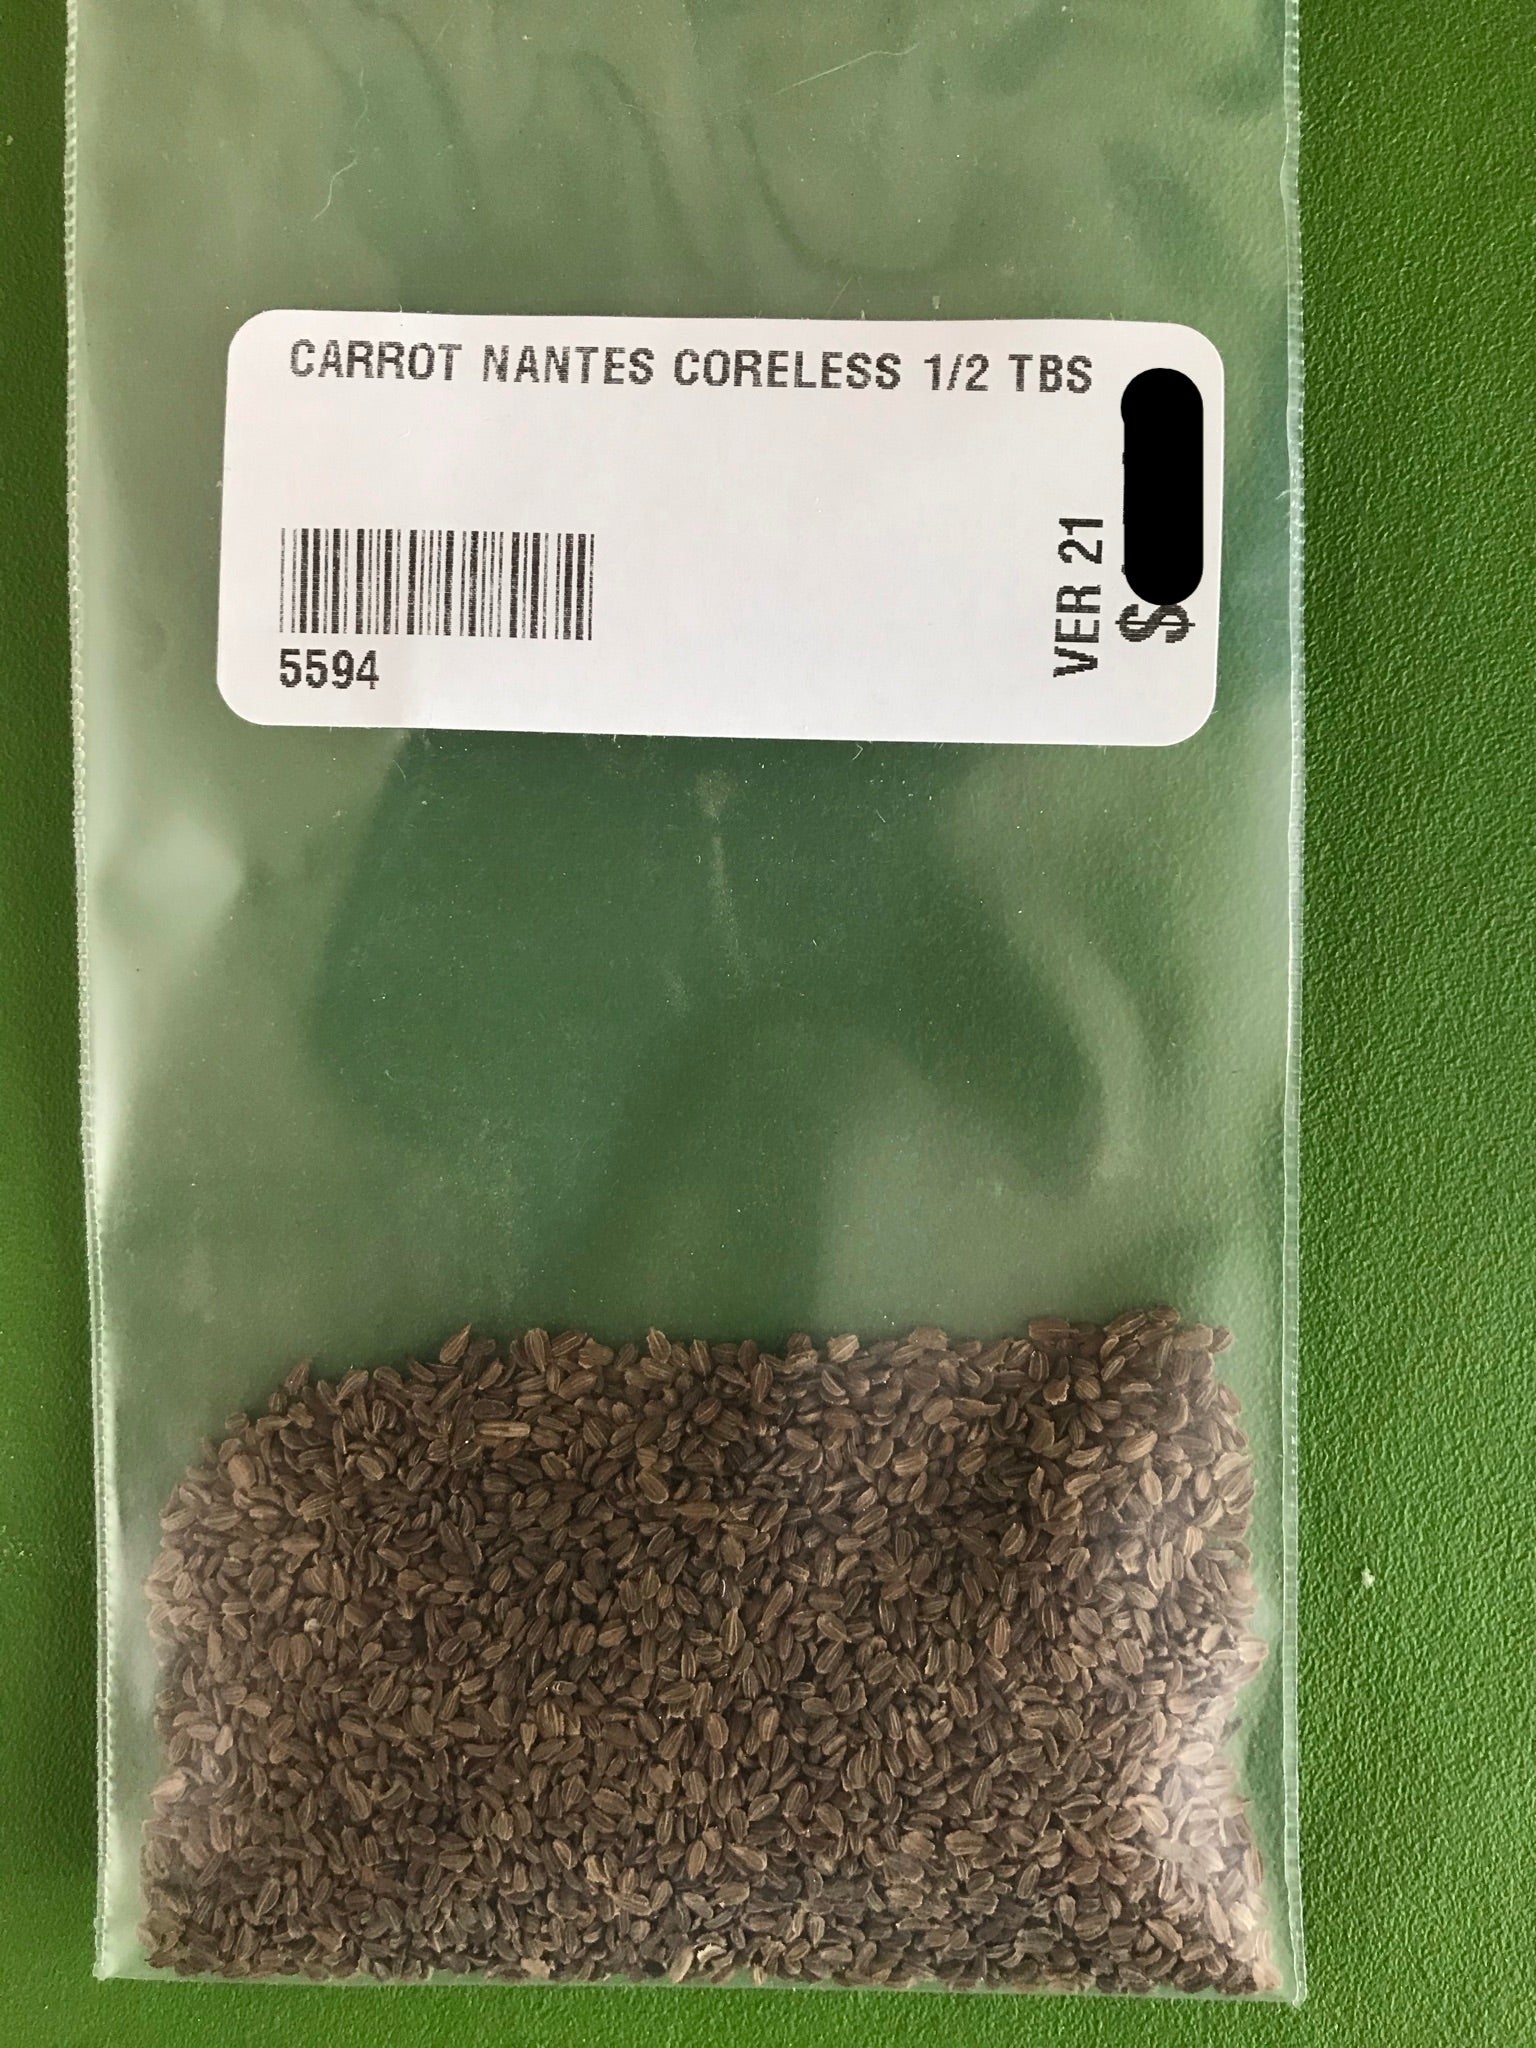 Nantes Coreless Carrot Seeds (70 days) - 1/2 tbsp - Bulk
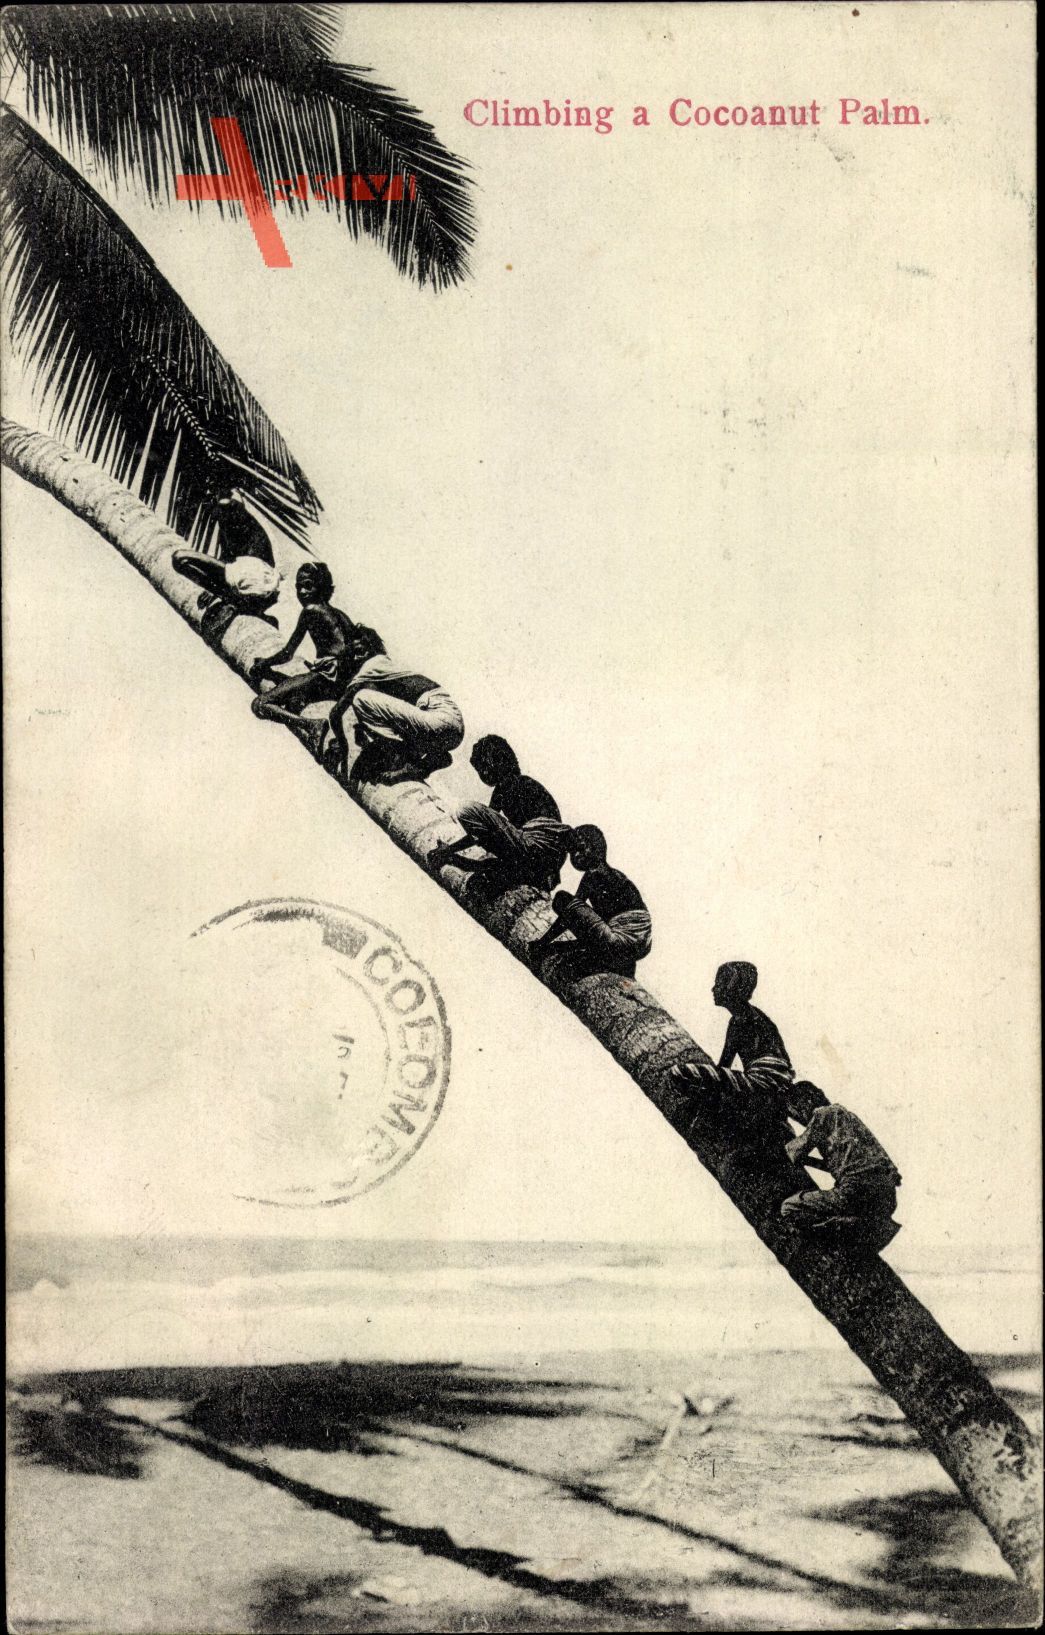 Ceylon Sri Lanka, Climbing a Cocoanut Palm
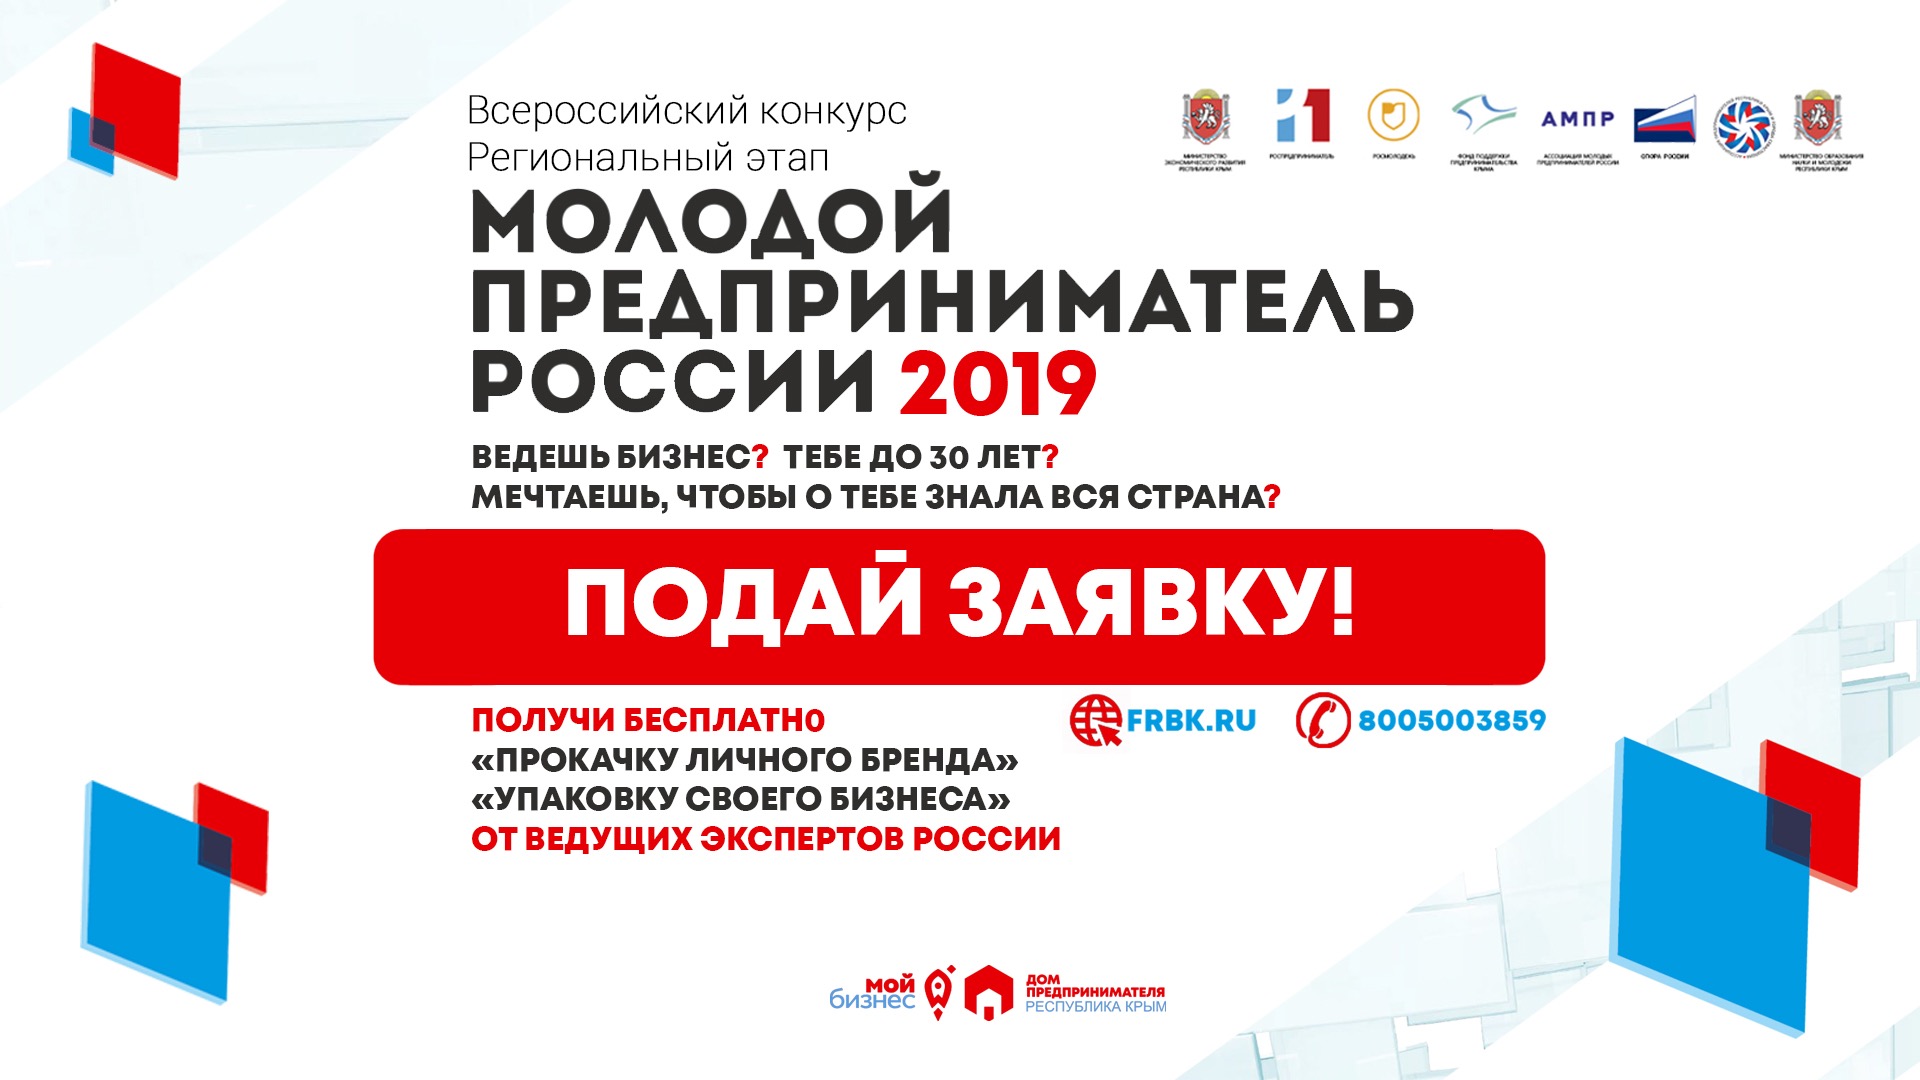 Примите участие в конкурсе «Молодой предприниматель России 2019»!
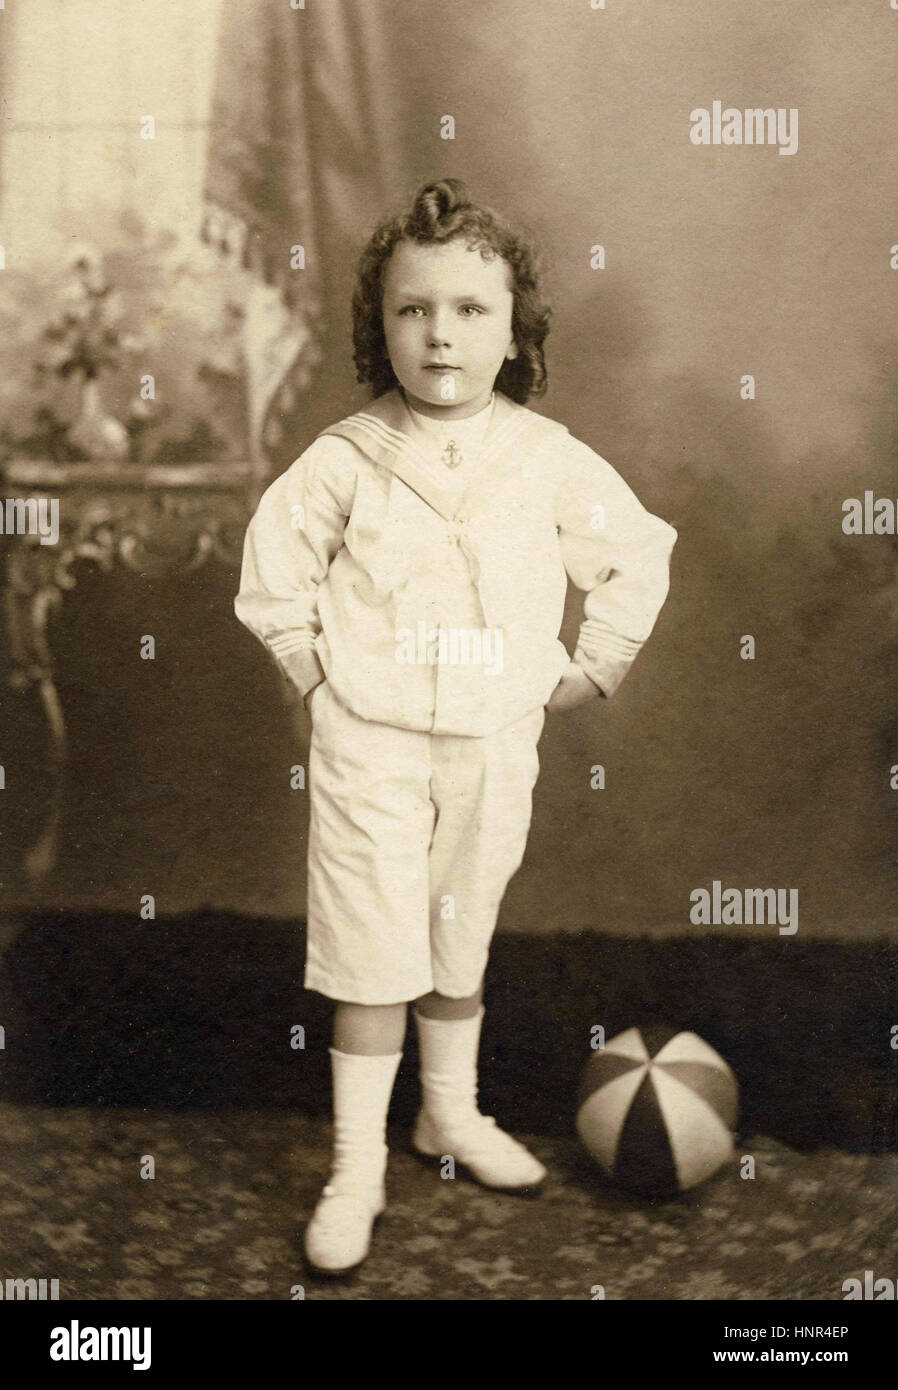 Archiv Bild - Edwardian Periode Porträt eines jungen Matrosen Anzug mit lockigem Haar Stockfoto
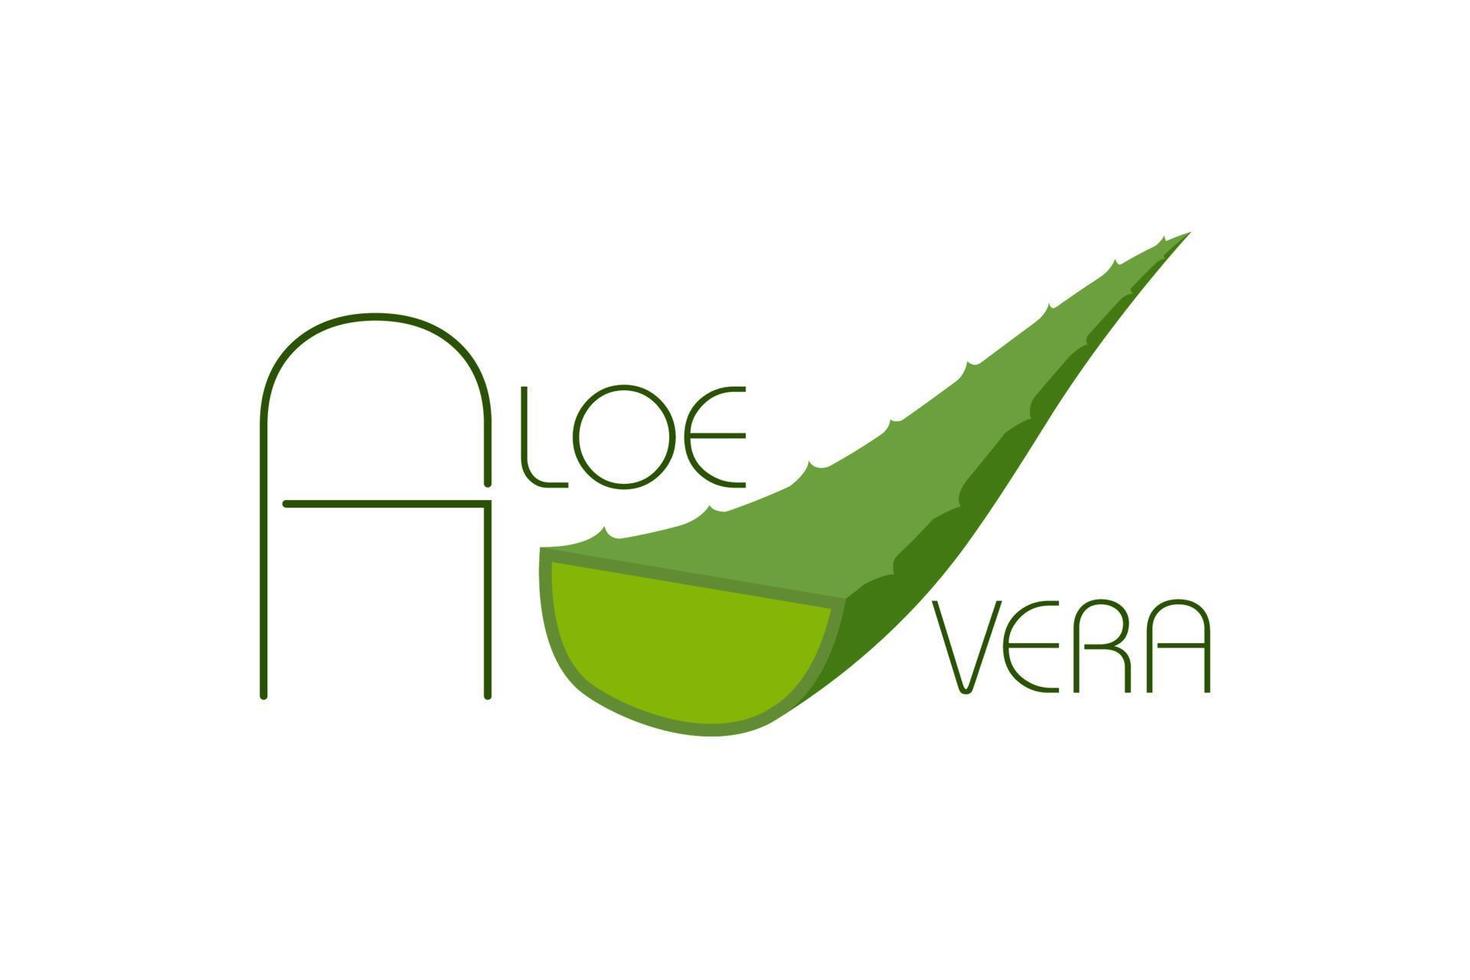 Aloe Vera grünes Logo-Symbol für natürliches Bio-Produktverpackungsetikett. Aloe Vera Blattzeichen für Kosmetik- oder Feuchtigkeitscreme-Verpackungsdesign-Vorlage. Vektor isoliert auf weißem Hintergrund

------------------------------------------------------------

**ABOUT THIS TASK**
Output the records above exactly, omitting the pictures.

**RESPONSE BOX**
 Nantes Coreless Carrot Seeds (70 days) - 1/2 tbsp - Bulk
 Ceylon Sri Lanka, Climbing a Cocoanut Palm
 Примите участие в конкурсе «Молодой предприниматель России 2019»!
 Archiv Bild - Edwardian Periode Porträt eines jungen Matrosen Anzug mit lockigem Haar Stockfoto
 Aloe Vera grünes Logo-Symbol für natürliches Bio-Produktverpackungsetikett. Aloe Vera Blattzeichen für Kosmetik- oder Feuchtigkeitscreme-Verpackungsdesign-Vorlage. Vektor isoliert auf weißem Hintergrund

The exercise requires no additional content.